I encountered a very difficult task,
In the local sql server, our IT people stored received XML file (sizes:2k~232k) in sql server xml columns. And I would like to export these files out and concatenate them into one single txt file, or let sas read the xml from each cell separately and parse them out.
I ran into a few questions:
1. How to export those xml files out and store into a single txt file? It seems sas allows only 32k in each cell.
2.How to maintain the length of the xml file in each cell? sas will truncate the length....
Here's what I understand from your post:
1) you either have XML files on disk OR you have some kind of XML information stored in an SQL server database
2) you want the XML files or information to become a single txt file
3) you want to do "convert" the files or information from XML to TXT using SAS
4) you seem to have done some experimentation of some kind because the issue of a 32K size limit is mentioned
5) last, you asked something confusing: "how to maintain the length of the xml FILE in each CELL" (This seems to imply that you have an ENTIRE XML file in one table cell or database cell??? That seems possible, but odd to me. You might have some XML data or data in XML form with XML tags stored in a data base.)
XML is generally stored in an ASCII text file. The file has a .XML extension instead of a .TXT extension. Generally, an XML file conforms to certain rules:
1) the XML file should have an XML processing instruction or identifying tag at the top of the file, something like this:
2) the XML file should have 1 and only 1 root tag
More advanced uses of XML exist -- such as shopping carts or on-line forms -- where you do something on a web page and your information is translated to XML form and then sent to a server program that accepts the XML "stream" and uses it as input to a program. It's possible that the XML info in this case is stored in a data base -- but it should be possible using data base utilities to get the XML from data form into ASCII text form.

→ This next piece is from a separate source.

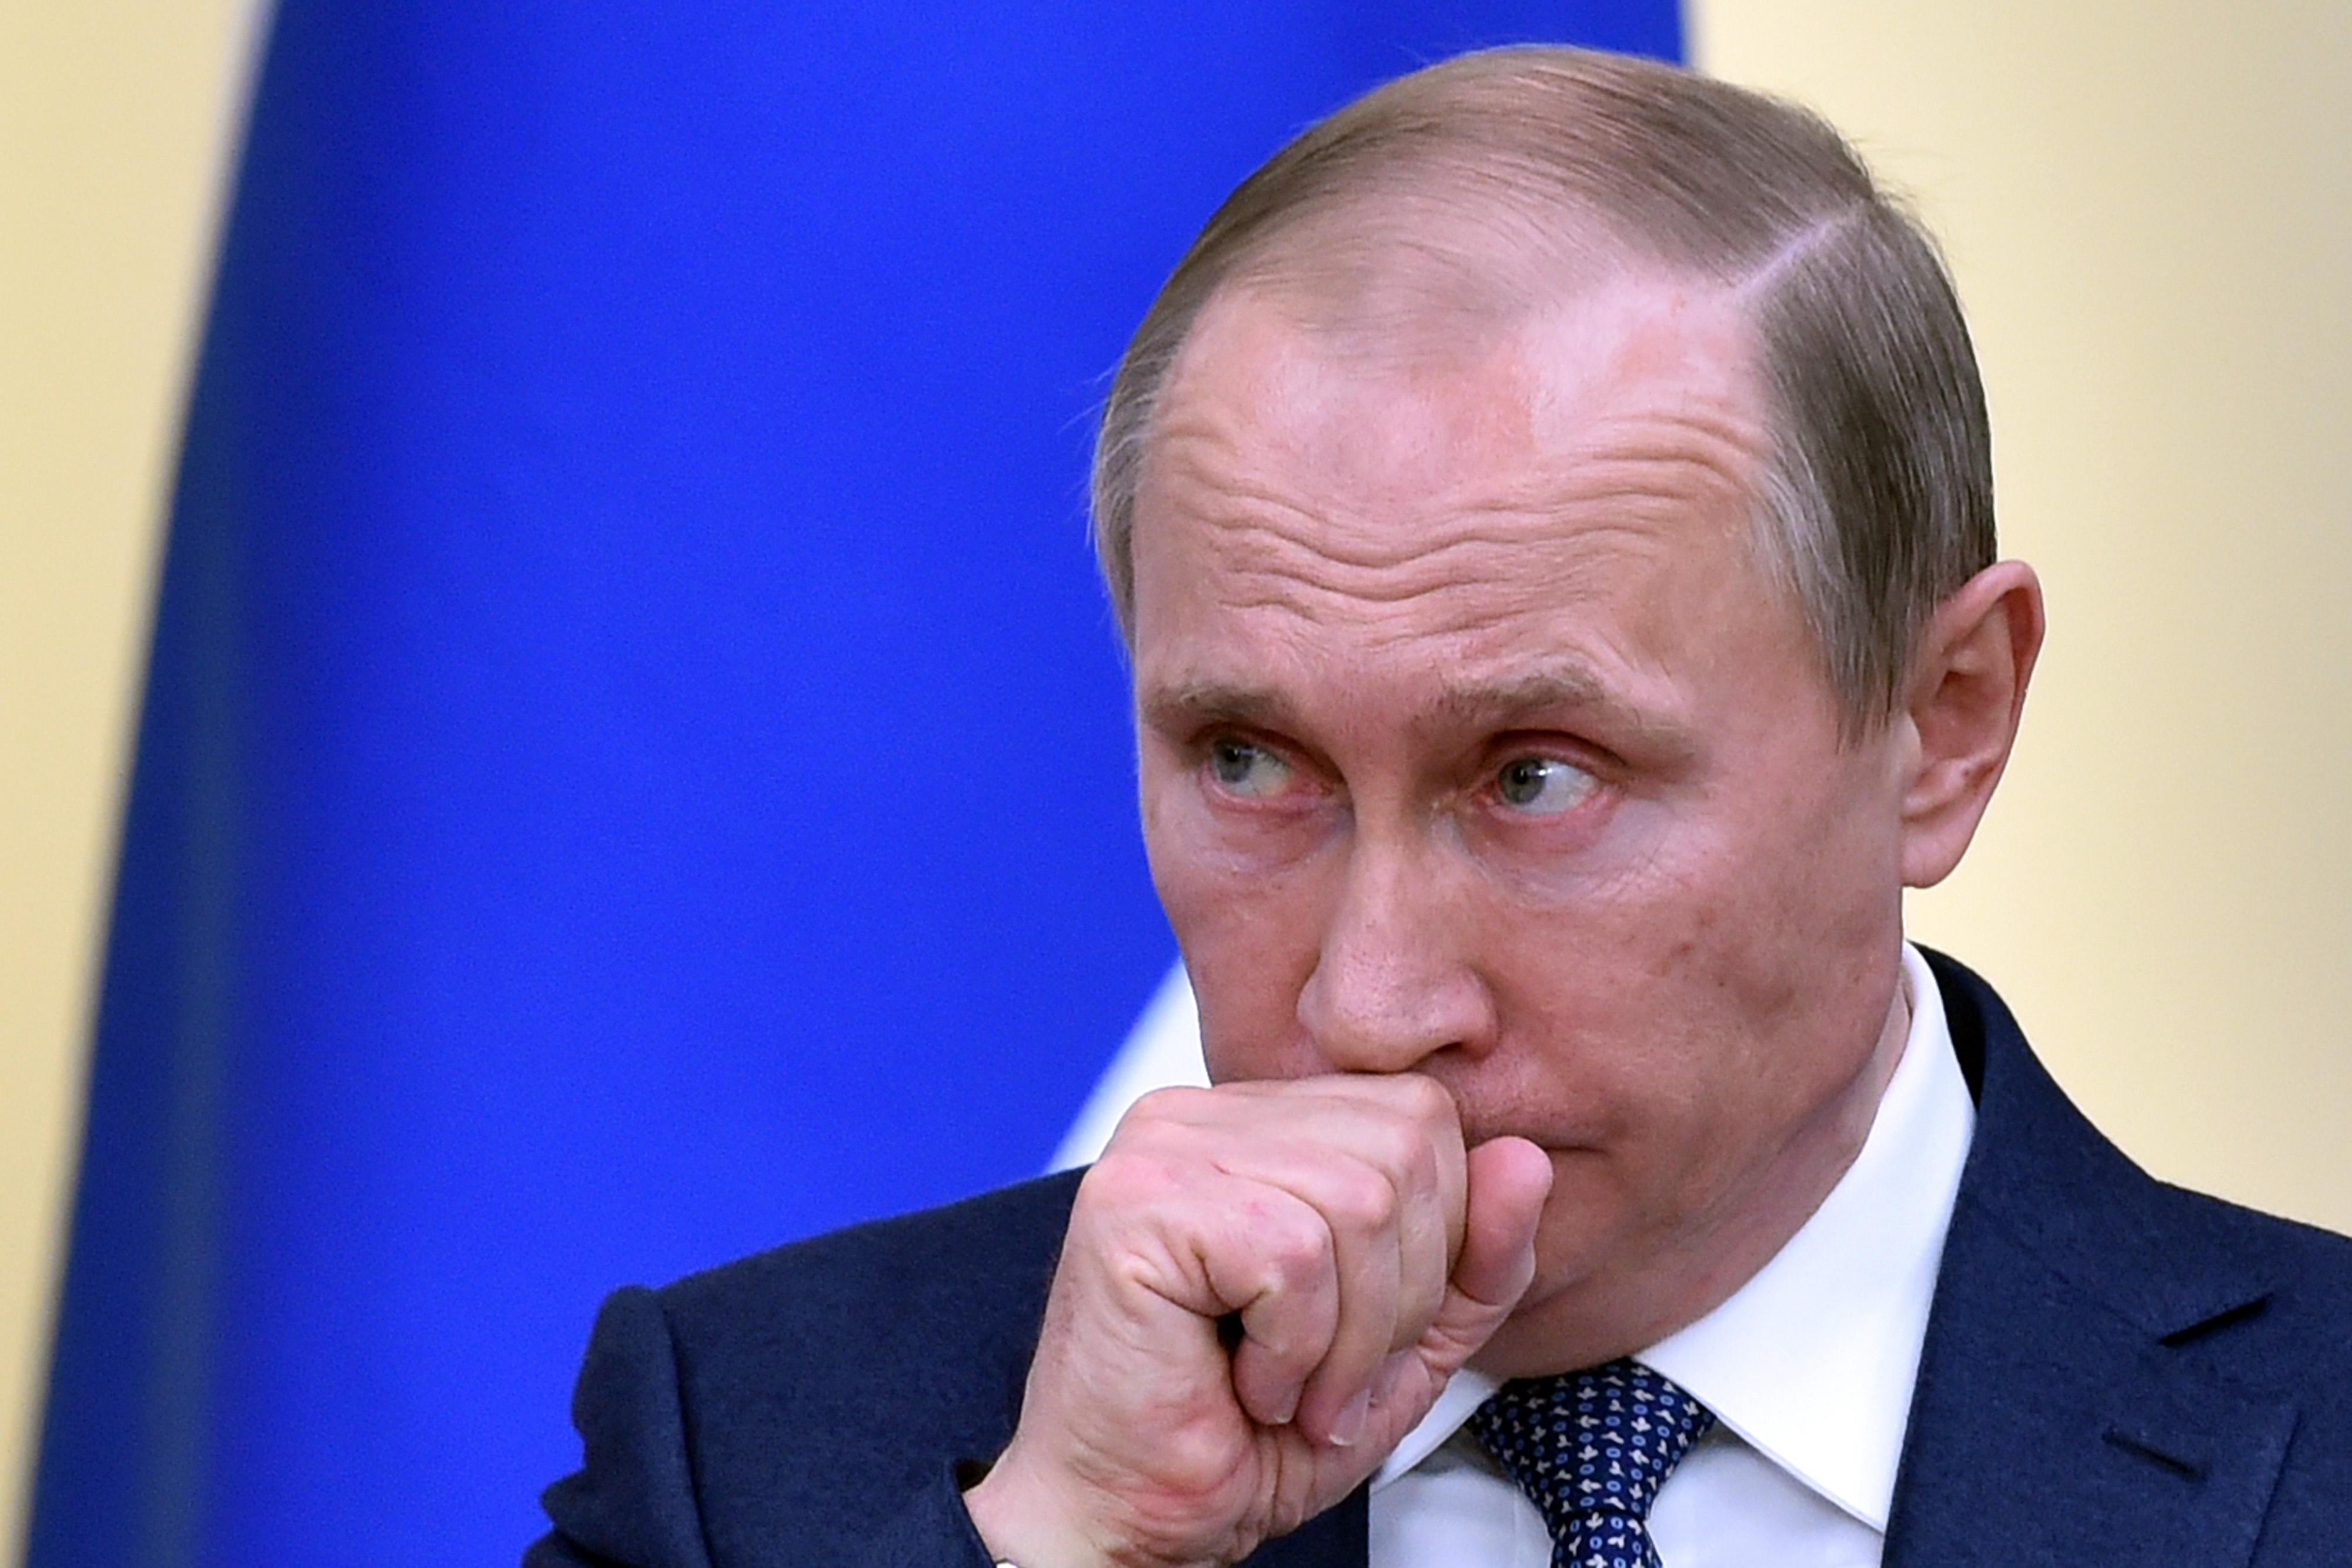 Acuzat de coruptie, Vladimir Putin si-a publicat declaratia de avere. Suma castigata de presedintele Rusiei in 2015

Anyway, back to the simpler question of combining XML files, if this XML file is stored on my C: drive in this location: c:\temp\mygifts.xml
<?xml version="1.0" ?>
<NAME> alan </NAME>
<AGE> 15 </AGE>
<GIFTIDEA> CD </GIFTIDEA>
<NAME> bob </NAME>
<AGE> 16 </AGE>
<GIFTIDEA> Games </GIFTIDEA>
<NAME> carla </NAME>
<AGE> 15 </AGE>
<GIFTIDEA> Jewelry </GIFTIDEA>
<NAME> dave </NAME>
<AGE> 14 </AGE>
<GIFTIDEA> iTunes </GIFTIDEA>
AND, if this OTHER file is stored in c:\temp\moregifts.xml:
....Since these are both "regular", non-hierarchical XML files, I can use the SAS XML Libname engine to read the XML files into a single SAS dataset:
libname onefile xml 'c:\temp\mygifts.xml';
libname twofile xml 'c:\temp\moregifts.xml';
libname onefile clear;
libname twofile clear;
proc print data=work.giftidea;
title 'SAS dataset from XML file';
And then, once the files are together in a SAS dataset (4 obs from the first XML file and 3 obs from the second XML file), I could run a PROC EXPORT to export it to CSV or any other kind of file supported by PROC EXPORT. I could even write my own DATA step program to write the SAS dataset to a flat file. For valid, non-hierarchical XML file, I could have read the file with the XML Libname engine and then written it out in one step with the data step, but I preferred to show the intermediate stages along the way. Here's a sample PROC EXPORT:
proc export data=work.giftidea
If you have non-standard or hierarchical XML files, then you may have to use an XMLMAP to "map" from the non-standard XML to SAS column names. I know that if the XML files are in ASCII text files on disk, then SAS can either read them with the SAS XML Libname engine or it can read them with the Libname engine and an XMLMAP.
If your XML is not in identifiable .XML files and/or if you are asking whether SAS can read XML out of the SQL server database directly -- I don't know the answer to that. It seems that Tech Support might be your best resource to answer that question.
Cynthia gave you already lotz of interesting information.
From what you tell I assume that these XML files are stored in SQL in a field with type CLOB.
The first question you have to solve is how to read CLOB data >32K with SAS.
Well: I couldn't find an answer to that. I was thinking about streaming but couldn't find an example. Hopefully someone has an answer to that.
As Cynthia mentioned XML files are text. Would it be possible that your IT guys give you access to the XML files before they load it into SQL - or that they export these XML files later from SQL to a text file? A soon as you have these XML files as text files (that's what an XML file normally is: A text file with extension XML in a defined structure which can be interpreted by an XML parser - i.e. InternetExplorer) you can read/convert/interprete it with SAS. Cynthia pointed you in the right direction for that.
As I understand it this combining of XML files is more a combining of data these XML files contain. In my understanding it wouldn't make sense to concatenate the XML files - what you might want to do is to read all the XML files one after the other and concatenate the resuls into one single SAS dataset (proc append?).